Natriuretic peptide type C (NPPC) activation of the guanylyl cyclase-linked natriuretic peptide receptor (NPR) 2 maintains oocyte meiotic arrest. Luteinizing hormone (LH)-dependent epidermal growth factor (EGF) receptor signaling elevates calcium of cumulus cells to inactivate NPR2, resulting in meiotic resumption. This study investigated the regulatory mechanism of calcium on NPR2 inactivation. In mouse ovarian follicles, LH, through the activation of EGF receptor, significantly elevated calcium levels in cumulus cells, but decreased the binding affinity of NPR2 for NPPC. In cultured cumulus-oocyte complexes, the activation of EGF receptor by EGF mobilized intracellular calcium of cumulus cells to decrease NPR2 affinity and cGMP levels, resulting in meiotic resumption. However, hormone treatments had not changed NPR2 protein levels. In addition, the removal of magnesium ions from the medium decreased the binding affinity of NPR2 for NPPC, resulting in a decrease in cGMP levels and meiotic resumption. It is concluded that magnesium ions are required to maintain functional NPR2, and that LH-dependent EGF receptor signaling mobilizes intracellular calcium of cumulus cells to reduce NPPC-NPR2 interaction that is required for meiotic resumption.

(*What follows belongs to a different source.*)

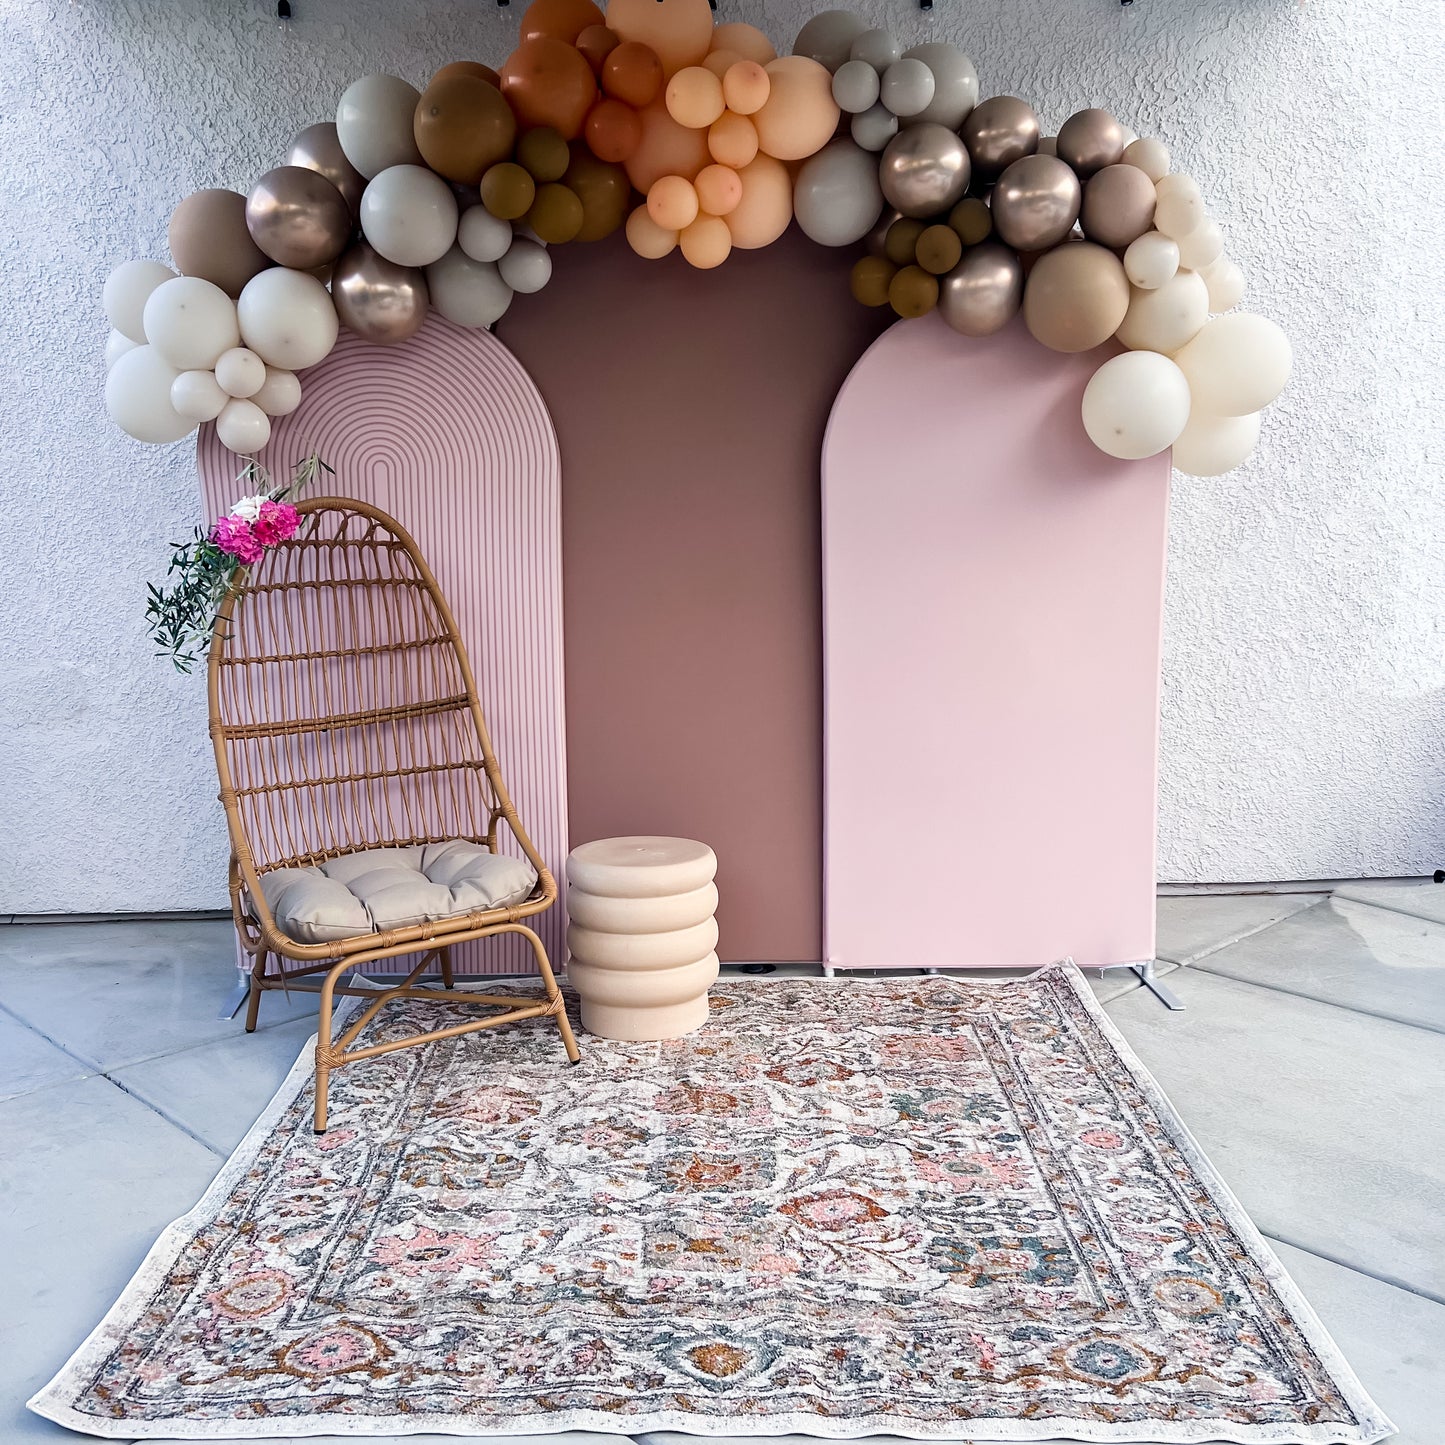 Boho Set Up with Peacock or Rattan Chair

机译:紫薇环酶连接的Natriure肽受体(NPR)2的Natriesuretic肽C(NPPC)活化维持卵母细胞减数氏菌。叶黄素激素(LH) - 依赖表皮生长因子(EGF)受体信号传导升高了积分细胞的钙,使NPR2失活,导致减数分裂恢复。本研究研究了钙对NPR2失活的调节机制。在小鼠卵巢卵泡,LH,通过激活EGF受体,巨大细胞的钙水平显着升高,但降低NPR2对NPPC的结合亲和力。在培养的巨核母细胞配合物中,EGF通过EGF动员巨大细胞细胞内钙的激活来降低NPR2亲和力和CGMP水平,导致减数分裂恢复。然而,激素治疗没有改变NPR2蛋白水平。此外,从培养基中除去镁离子降低NPR2对NPPC的结合亲和力,导致CGMP水平降低和减少恢复。得出结论,镁离子需要维持功能性NPR2,并且LH依赖性的EGF受体信号传导调动巨积细胞的细胞内钙,以降低减少人性恢复所需的NPPC-NPR2相互作用。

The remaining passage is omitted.